Pelajaran dari ayat :
• Petunjuk pembagian warisan suami untuk istri-istrinya dan kaum istri untuk suaminya.
• Petunjuk pembagian warisan kalalah. Kalalah adalah orang yang tidak memiliki orang tua dan anak, maka ahli warisnya adalah para saudaranya (seibu atau seayah-seibu) saja. Dia dilingkupi dengan lingkupan iklil الإكيل (mahkota) di kepalanya, oleh karenanya dinamakan dengan كلالة kalalah.
• Dibatalkannya wasiat atau hutang, jikalau dilandasi dengan niatan hanya untuk merugikan para ahli waris saja.
• Keagungan ihwal warisan, maka wajib untuk memahaminya dan menjalankannya seperti yang telah diwasiatkan Allah.

Hidayatul Insan bi Tafsiril Qur'an / Ustadz Marwan Hadidi bin Musa, M.Pd.I

Yakni anak kandung atau anak dari anak laki-laki, baik laki-laki maupun perempuan, seorang atau lebih, baik lahir dari suami atau dari laki-laki lain.
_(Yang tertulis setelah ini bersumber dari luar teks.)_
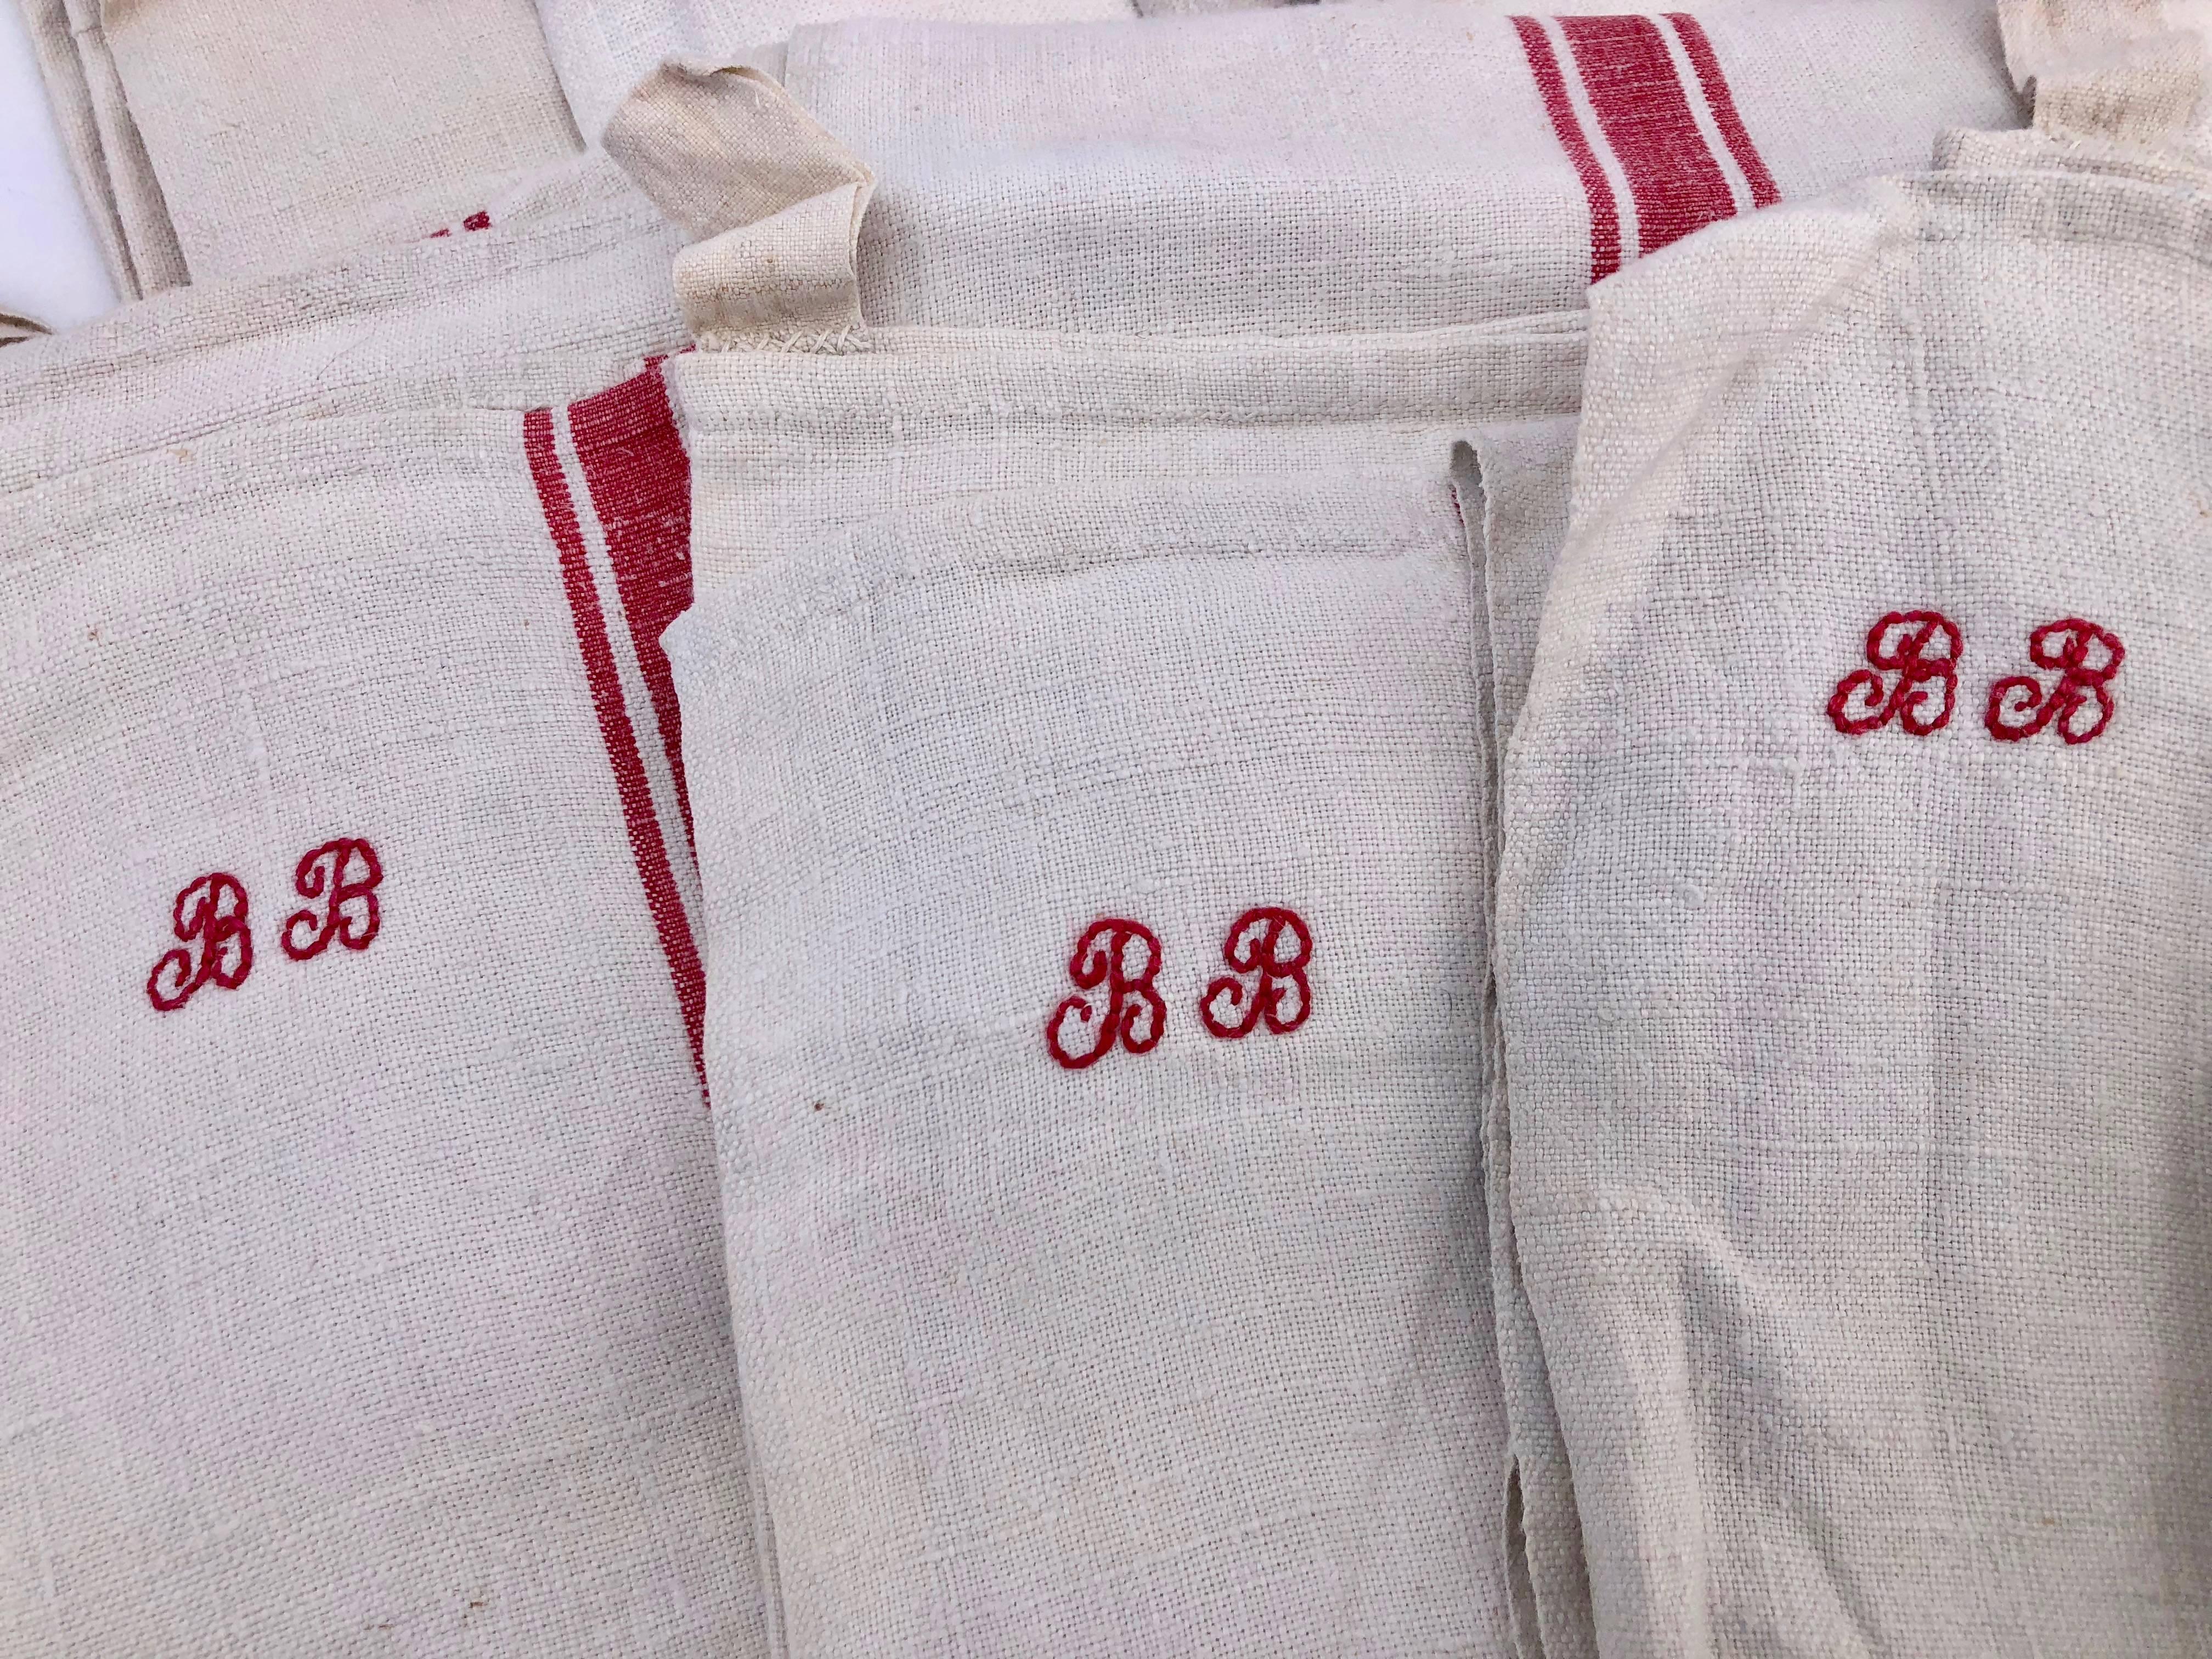 These lovely French antique linen kitchen towels are a set of 14 and all are embroidered with red

Namun tidak mengurangi jatah suami (1/2) atau istri (1/4) anak dari puterinya berdasarkan ijma'.

Dan kakek dst. ke atas .

Anak laki-laki, cucu laki-laki dari anak laki-laki, anak perempuan dan cucu perempuan dari anak laki-laki dst. ke bawah.

Ahli waris yang tidak meninggalkan bapak/kakek dan anak/cucu disebut dengan kalalah. Berdasarkan ayat ini, maka bapak/kakek dan anak/cucu ketika ada menghalangi saudara/i seibu mendapatkan bagian 1/6 atau 1/3.
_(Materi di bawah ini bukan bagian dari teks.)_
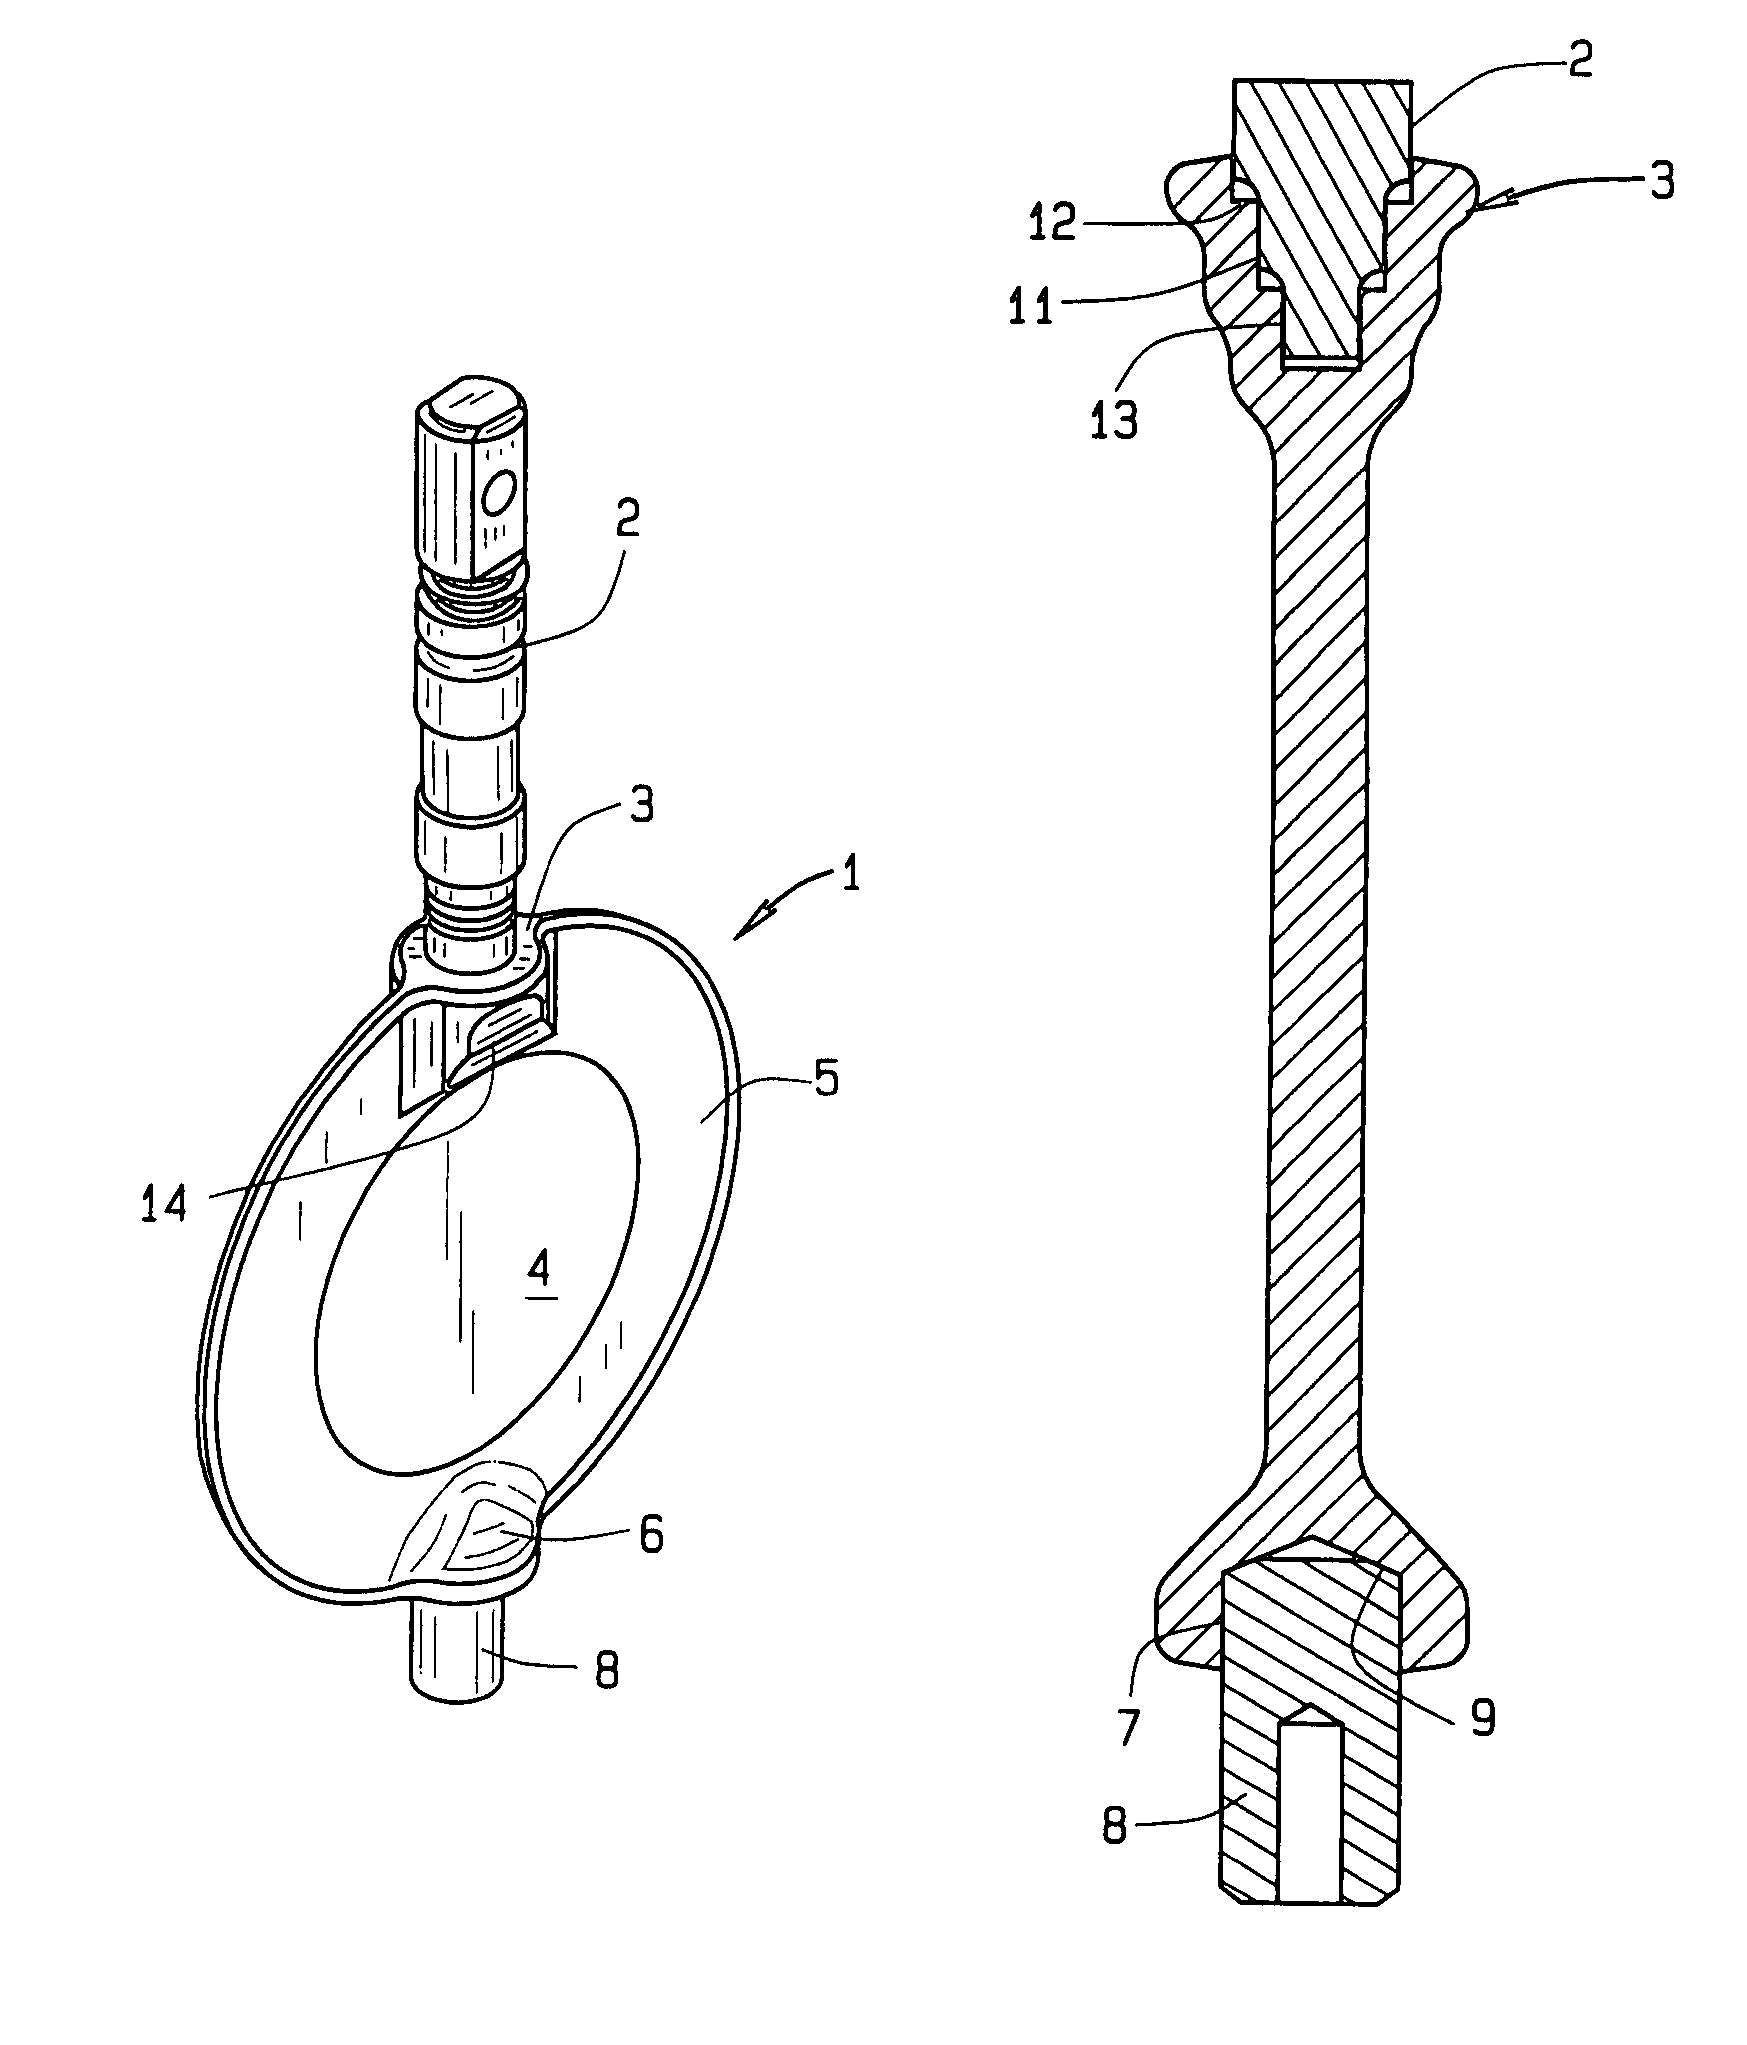 Butterfly valve disc to attain accelerated flow

Yakni mereka tidak lebih dari 1/3 meskipun jumlahnya lebih dari dua. Ayat ini juga menunjukkan bahwa yang laki-laki dan yang wanitanya mendapatkan bagian yang sama, karena lafaz "syurakaa" di ayat tersebut menunjukkan sama. Kata-kata "Fahum syurakaa' fits tsuluts" menunjukkan bahwa saudara sekandung menjadi gugur (tidak mendapat warisan) dalam masalah yang biasa disebut sebagai masalah Himaariyyah (dinamakan himariyyah menurut riwayat adalah karena dalam kasus seperti ini, seorang hakim pernah memutuskan bahwa saudara sekandung tidak mendapatkan bagian, sehingga yang tidak mendapatkan bagian ini berkata, "Katakanlah ayah kami himar (keledai) atau batu yang dicampakkan ke laut, namun bukankah ibu kami satu? Mengapa saudara seibu dapat pusaka, padahal kami juga seibu dengan mereka, tetapi mengapa tidak dapat?") ,yaitu ketika si mati meninggalkan suami, ibu, saudara/i seibu dan saudara kandung. Suami mendapatkan 1/2, ibu mendapatkan 1/6, saudara/i seibu mendapatkan 1/3, sedangkan saudara-saudara sekandung gugur (karena harta habis). Hal itu, karena Allah menyandarkan 1/3 kepada saudara/i seibu, jika sekiranya saudara-saudara sekandung ikut mengambil bagian, tentu hal ini sama saja menyatukan masalah yang Allah memisahkannya. Di samping itu, saudara/i seibu tergolong as-habul furudh (orang-orang yang berhak mendapat bagian tertentu), sedangkan saudara sekandung tergolong 'ashabah. Nabi shallallahu 'alaihi wa sallam bersabda, ""Berikanlah bagian ashabul furudh, sisanya untuk laki-laki yang terdekat." (lafaznya sudah disebutkan sebelumnya). Dalam masalah himariyyah ini, tidak ada sisa, karena bagiannya telah habis diambil oleh as-habul furudh sehingga saudara sekandung tidak mendapatkannya (gugur).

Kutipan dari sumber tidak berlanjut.